Skip NavigationMenu
INASIA

Insights and Analysis

Can Political Dynamics Cause Thailand and Malaysia to Fall into the Middle-Income Trap?

January 15, 2014

By Véronique Salze-Lozac'h

Despite the troubling political unrest and protests that continue to unfold across Asia in 2014, the New Year actually looks good for the region’s economies. Asia continues as one of the world’s fastest growing regions, projected to experience 5.25 percent growth in 2014, with emerging Asia expected to grow at an even higher pace of over 6 percent, according to the IMF. As my team and I blogged last week, these rosy projections certainly give reason for optimism. However, such optimism must be coupled with caution, as some of Asia’s greatest economic success stories face the very real threat of falling into the dreaded “middle-income trap.”

Thailand Subway

While Asia continues to set pace as the world’s fastest growing region, some Asian middle-income countries are showing signs of economic slowdown and face stiff competition from lower-cost economies. Photo/Karl Grobl

The middle-income trap (MIT) concept refers to the risk of a country that has experienced rapid growth based on low-wage, unskilled labor, low-added value manufacturing, and heavy reliance on exports, stagnating at the middle-income level and failing to graduate to upper-income status. The implications that could result from this economic growth slowdown in middle-income countries are of serious concern to economists and political decision-makers.

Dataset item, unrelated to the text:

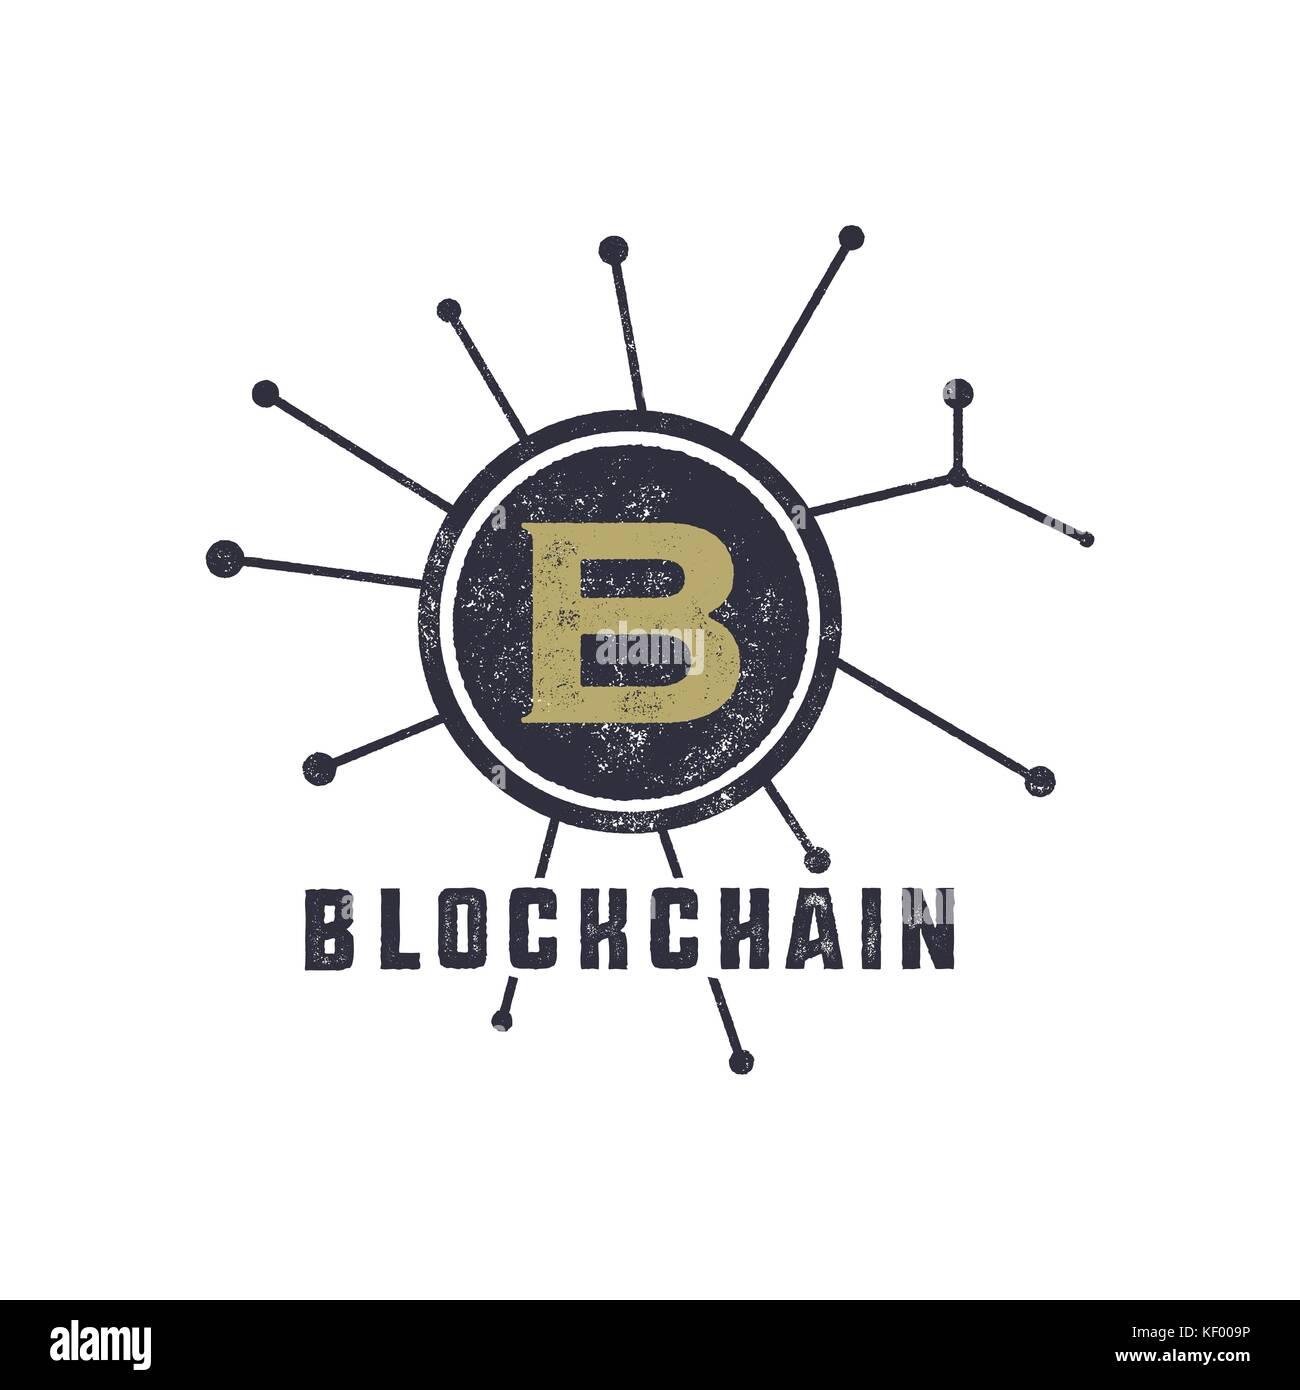 Blockchain emblem concept. Digital assets logo. Vintage han drawn monochrome design. Technology badge. Stock vector - Stock Image

To shed light on the situation, The Asia Foundation just launched a new report in Bangkok that examines the underlying political and economic dynamics that may keep two middle-income countries – Thailand and Malaysia – from making the reforms needed to advance their countries to upper-income status. Rather than relying on technical economic analysis only, the two case studies in the report look at the political barriers to continued rapid development that may hamper Malaysia’s and Thailand’s rise to the same level of success enjoyed by the “Asian Tiger” economies.

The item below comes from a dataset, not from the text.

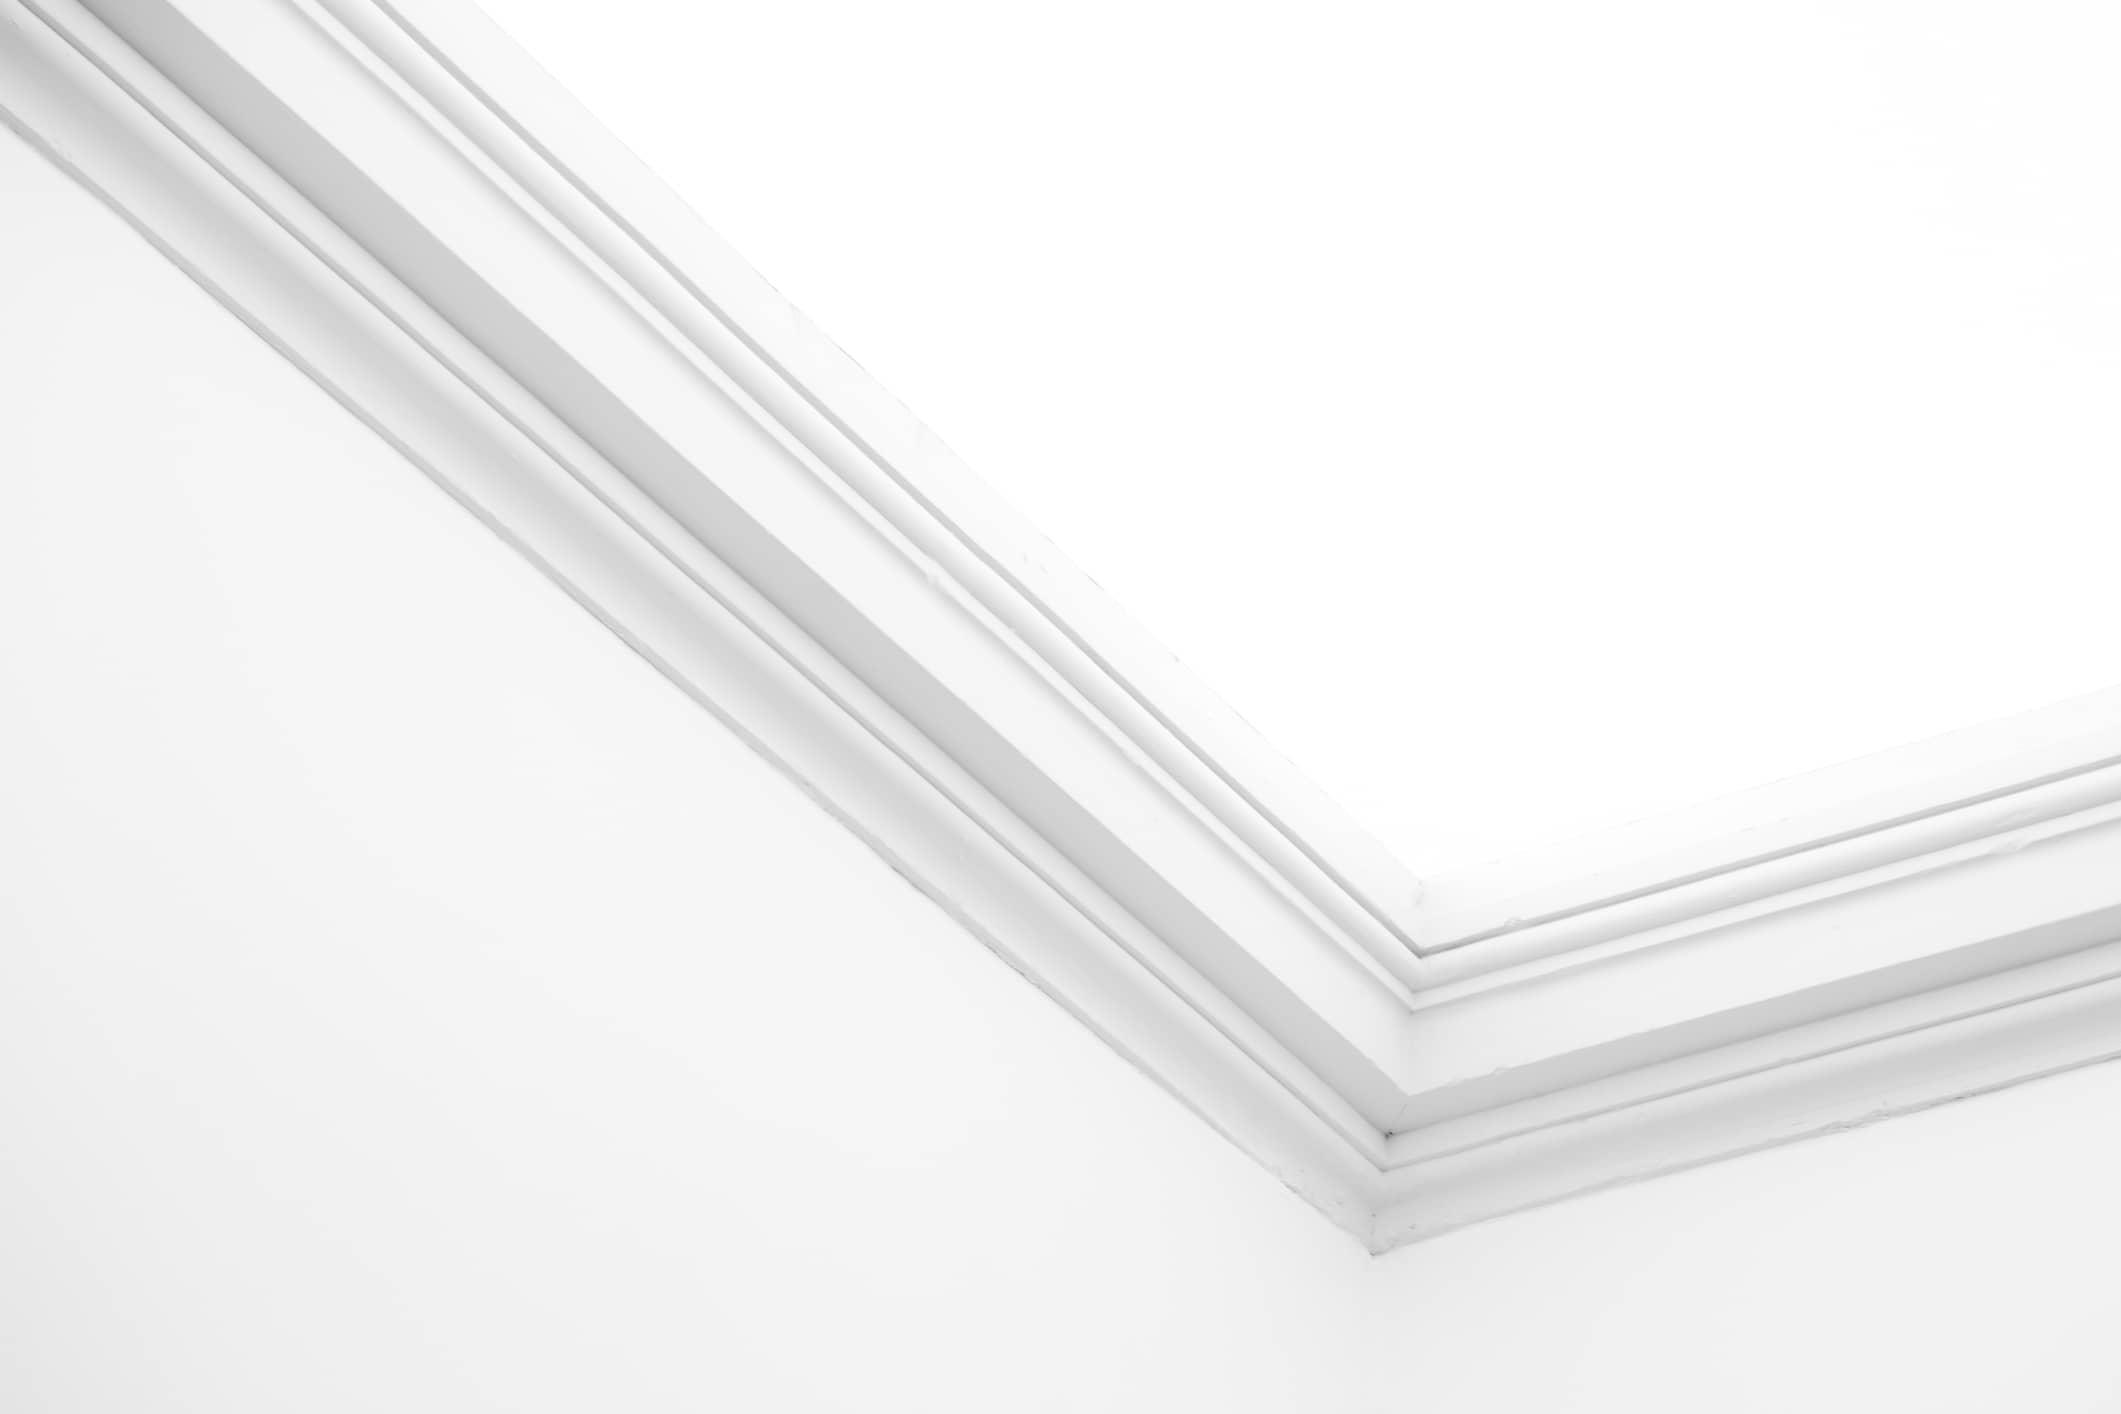 Ornamental-moulding-504007422_2125x1416

Key points from the Malaysia case study include:

  • Malaysia’s impressive poverty reduction and growth record was interrupted by the 1997 Asian Financial Crisis. More recent annual growth rates of around 5 percent remain respectable by international comparison but may fail to translate into real economic progress if not accompanied by political and institutional change.
  • Despite a raft of bold policy initiatives and long-term plans, Malaysia is struggling to address identified challenges that prevent or delay the shift to high income status, including lack of innovation, low investment in technology, declining standards in education, high labor costs, and stagnant productivity.
  • Leaders have ensured political stability in the country by safeguarding the interests of the country’s majority, as well as those interests of the minority. However, insufficient checks and balances have led to increasing concentration of power within the executive, persistence in patronage politics, and opaque governance practices.
  • As in Thailand, Malaysia has successfully reduced absolute poverty but income inequality and relative poverty remain high, and real wages low.
  • Behind the economic challenges lies the larger overarching problem of weak governance that has compromised the implementation of sound economic policies.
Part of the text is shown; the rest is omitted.